(Beginning of Given data)
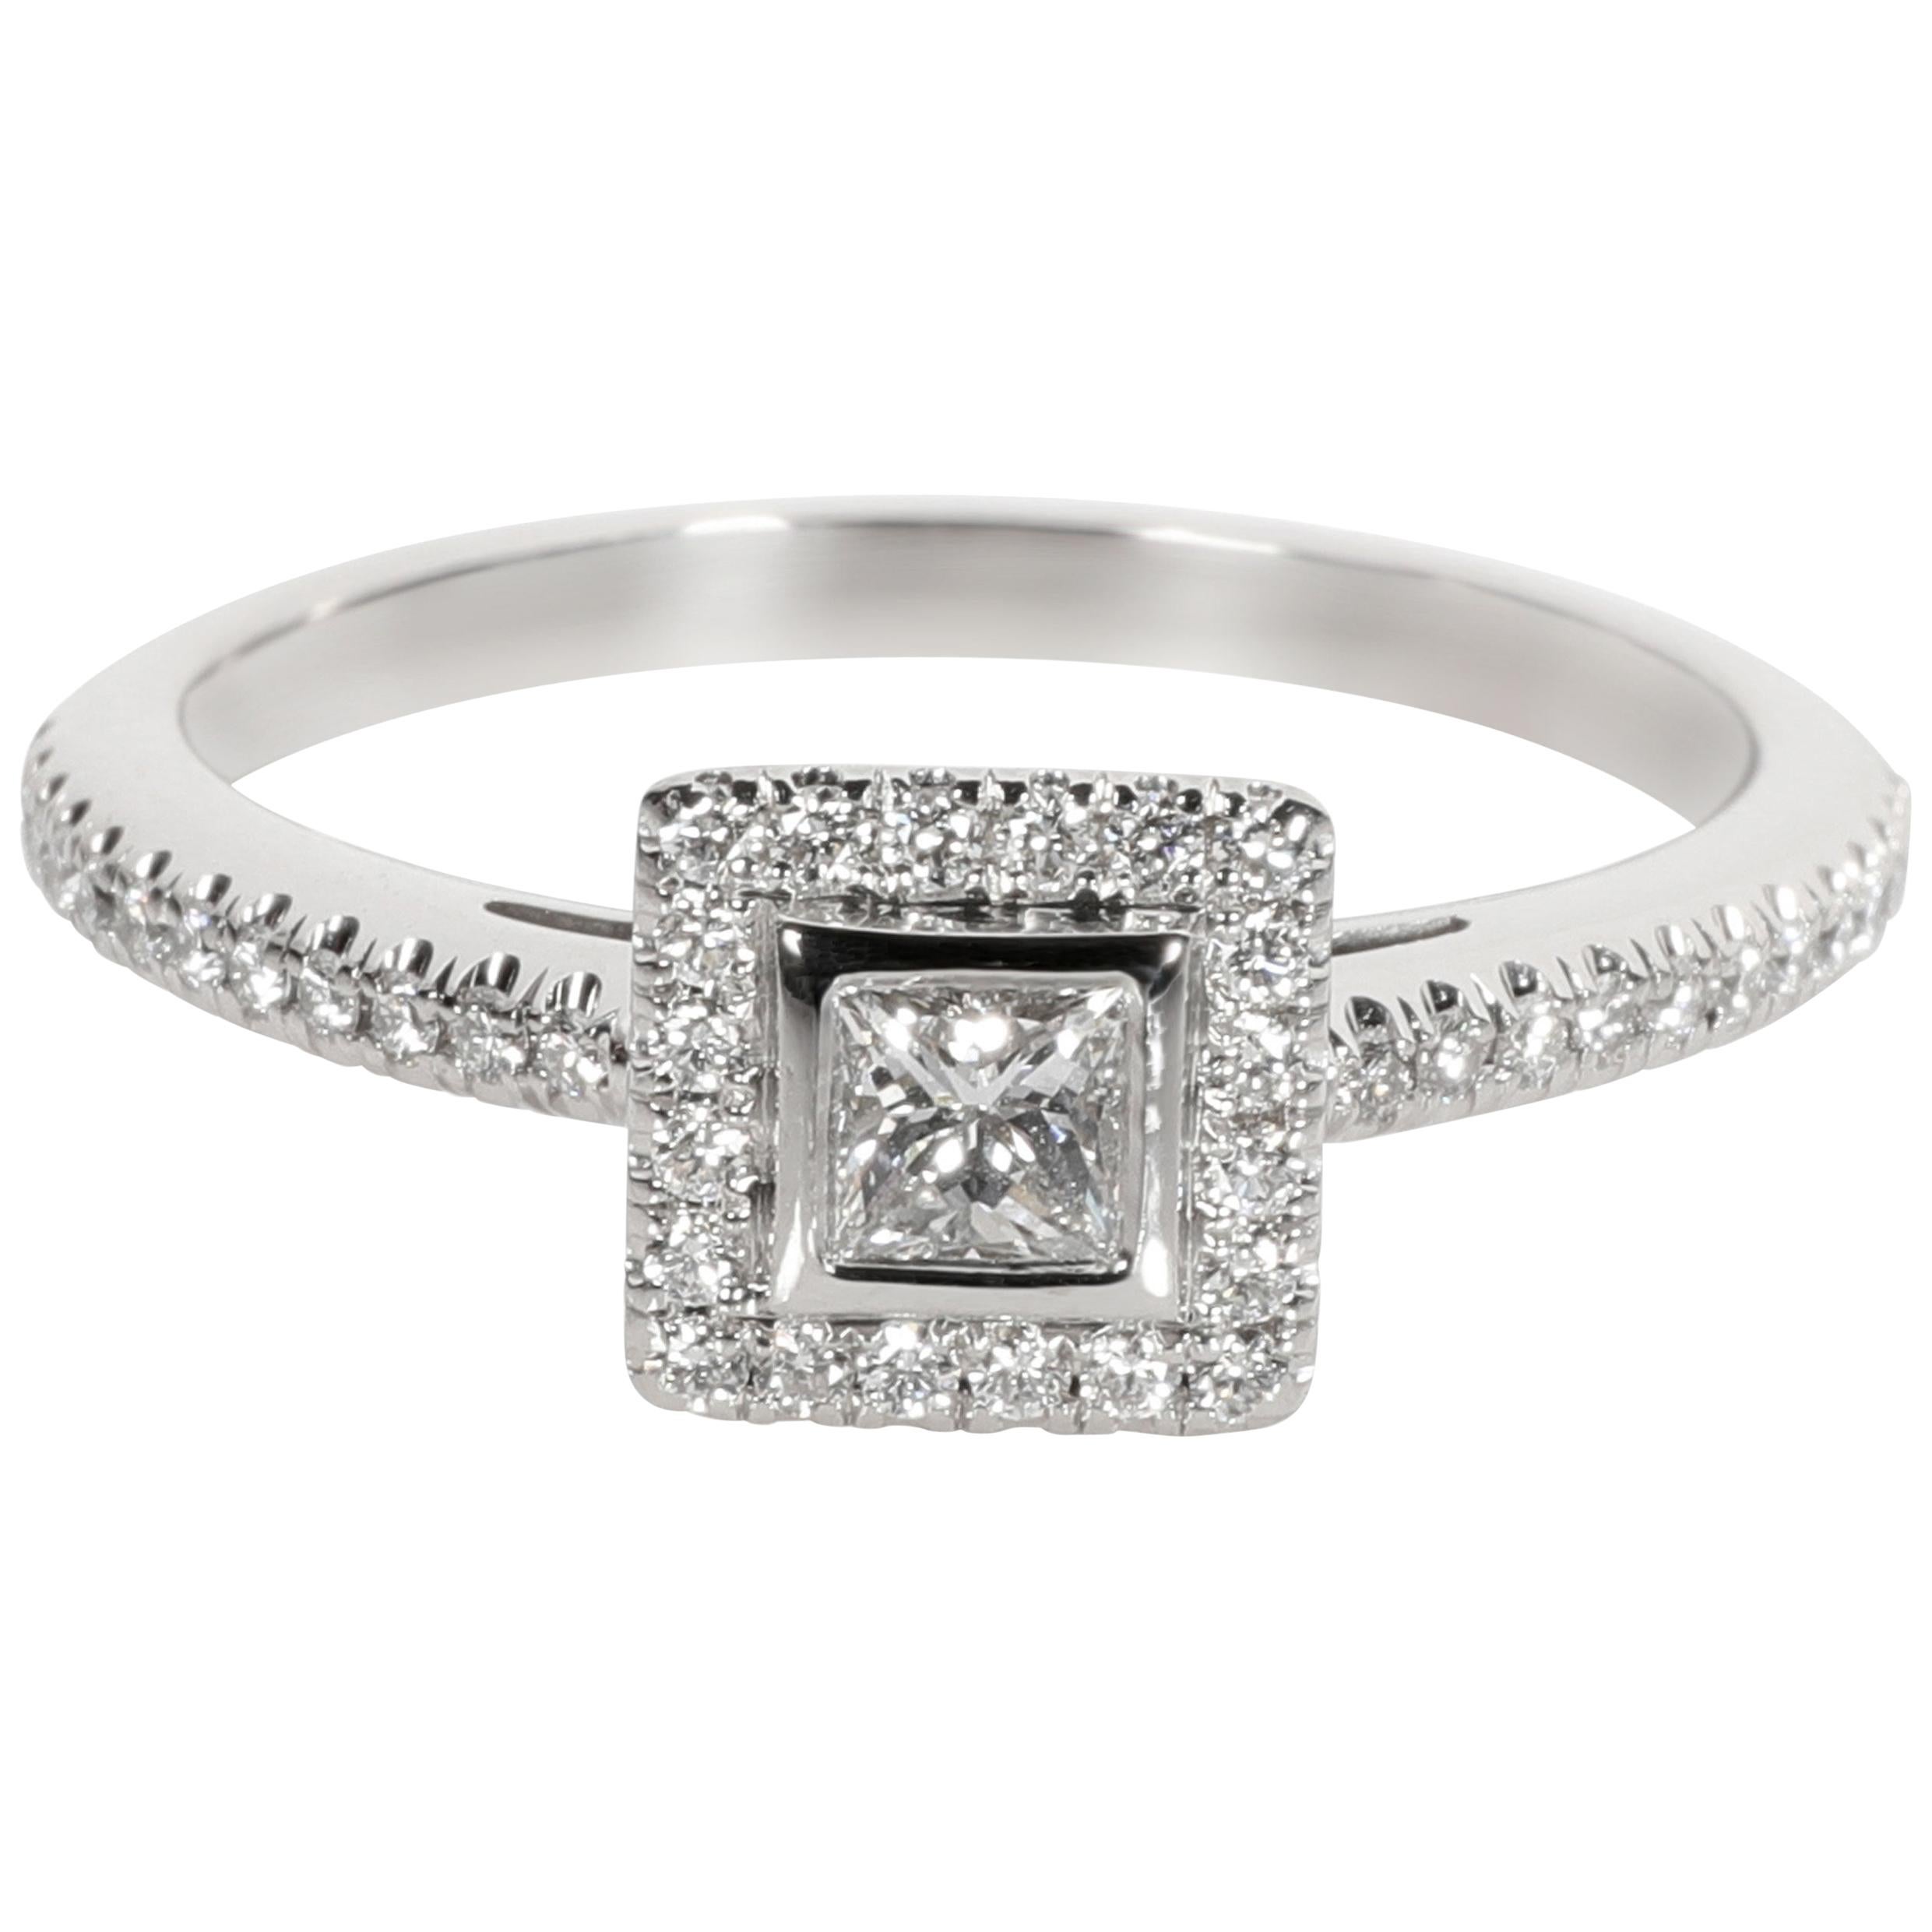 Tiffany & Co. Grace Princess Diamond Ring in Platinum 0.27 Carat
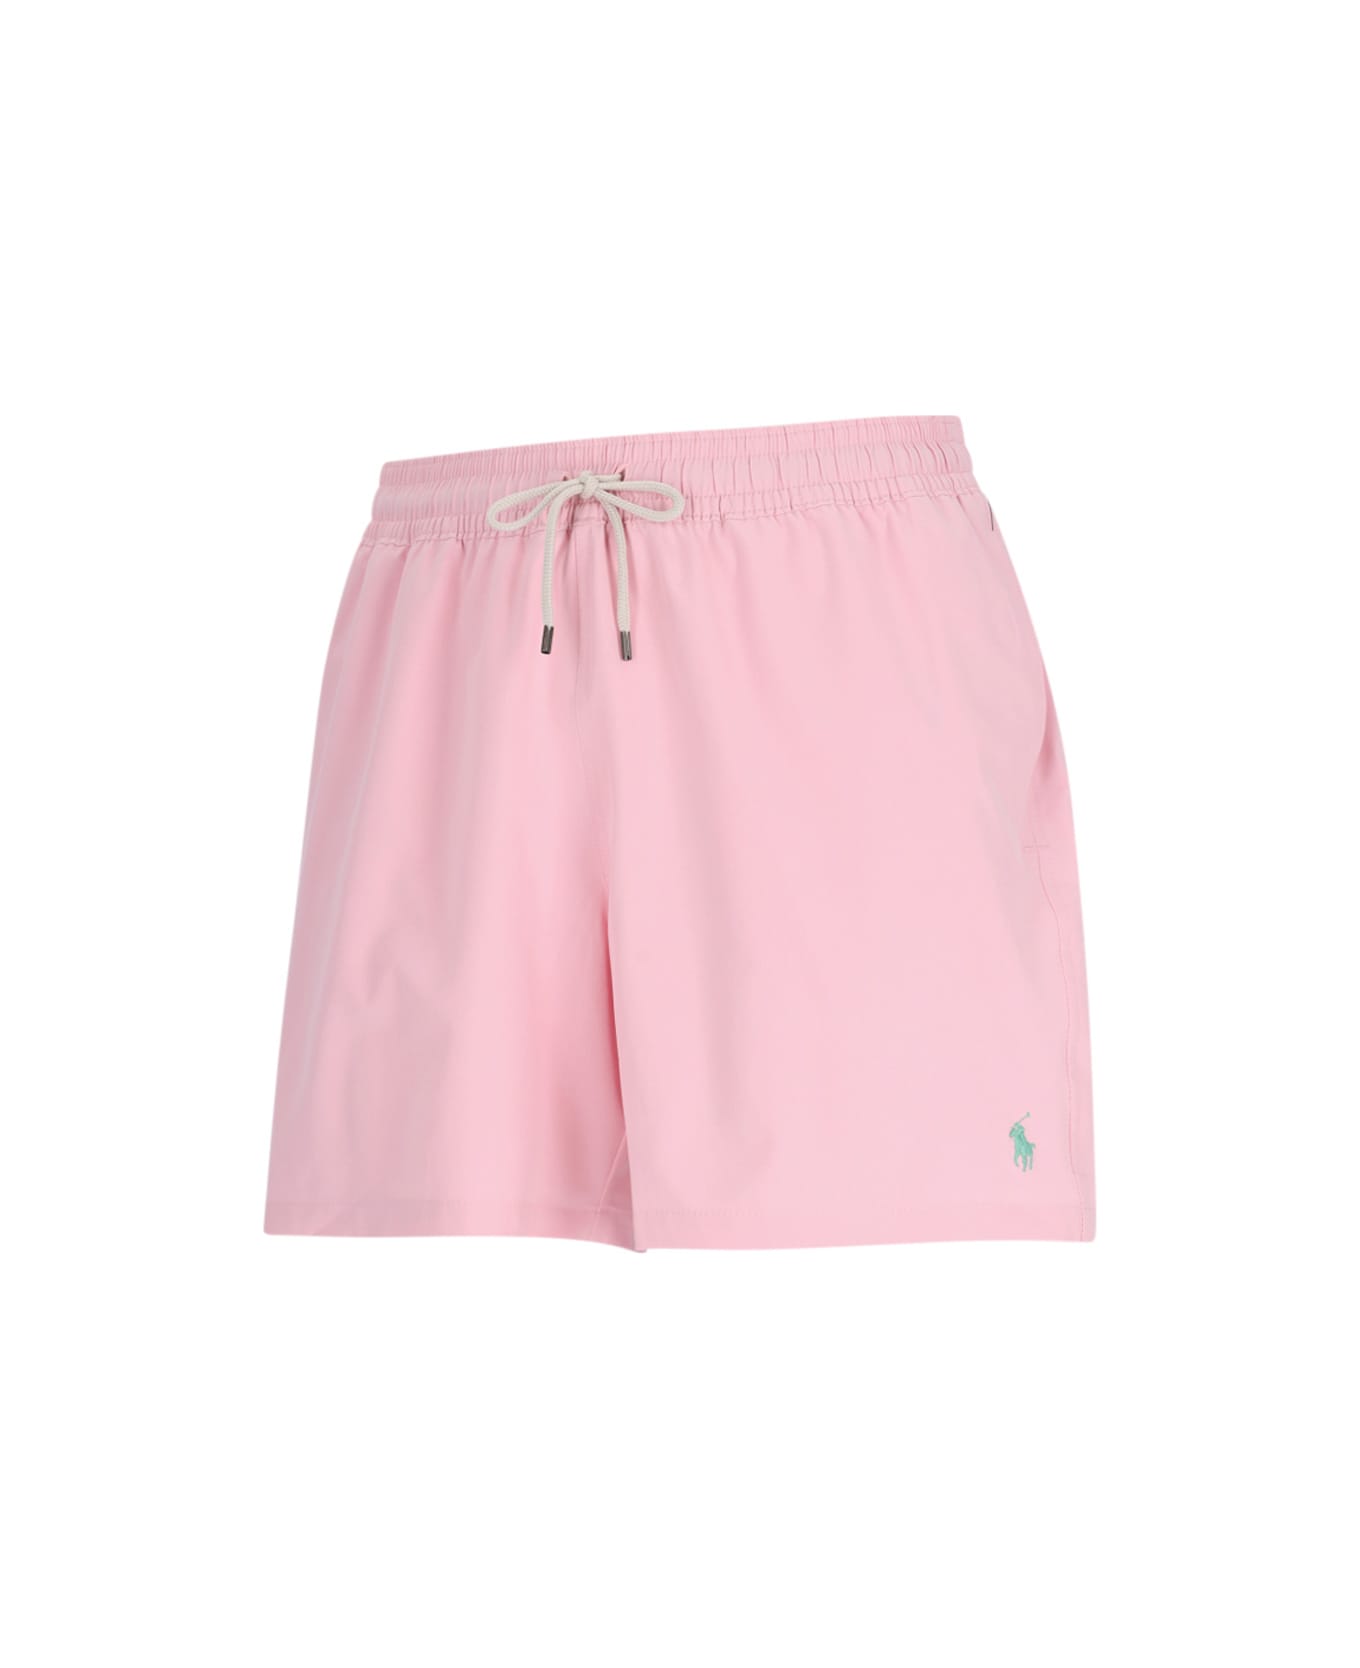 Polo Ralph Lauren 'traveler' Swim Shorts - Garden pink
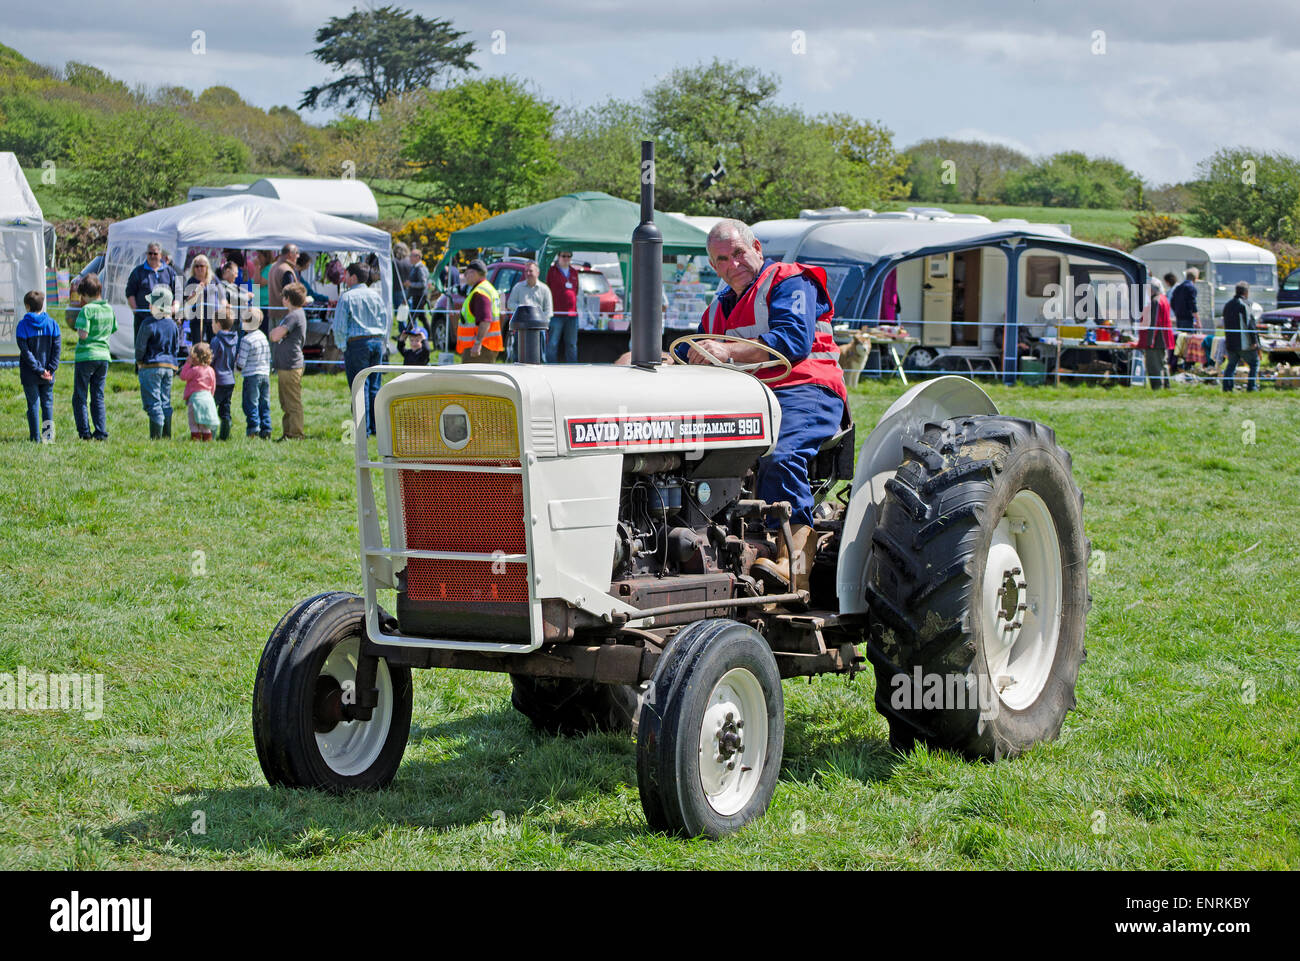 Vintage traktor rallye -Fotos und -Bildmaterial in hoher Auflösung – Alamy
(End of Given data)
[To do]: Provide the listing above once more, exactly, with the pictures removed.

[Written solution]:
 Tiffany & Co. Grace Princess Diamond Ring in Platinum 0.27 Carat
 Polo Ralph Lauren 'traveler' Swim Shorts - Garden pink
 Vintage traktor rallye -Fotos und -Bildmaterial in hoher Auflösung – Alamy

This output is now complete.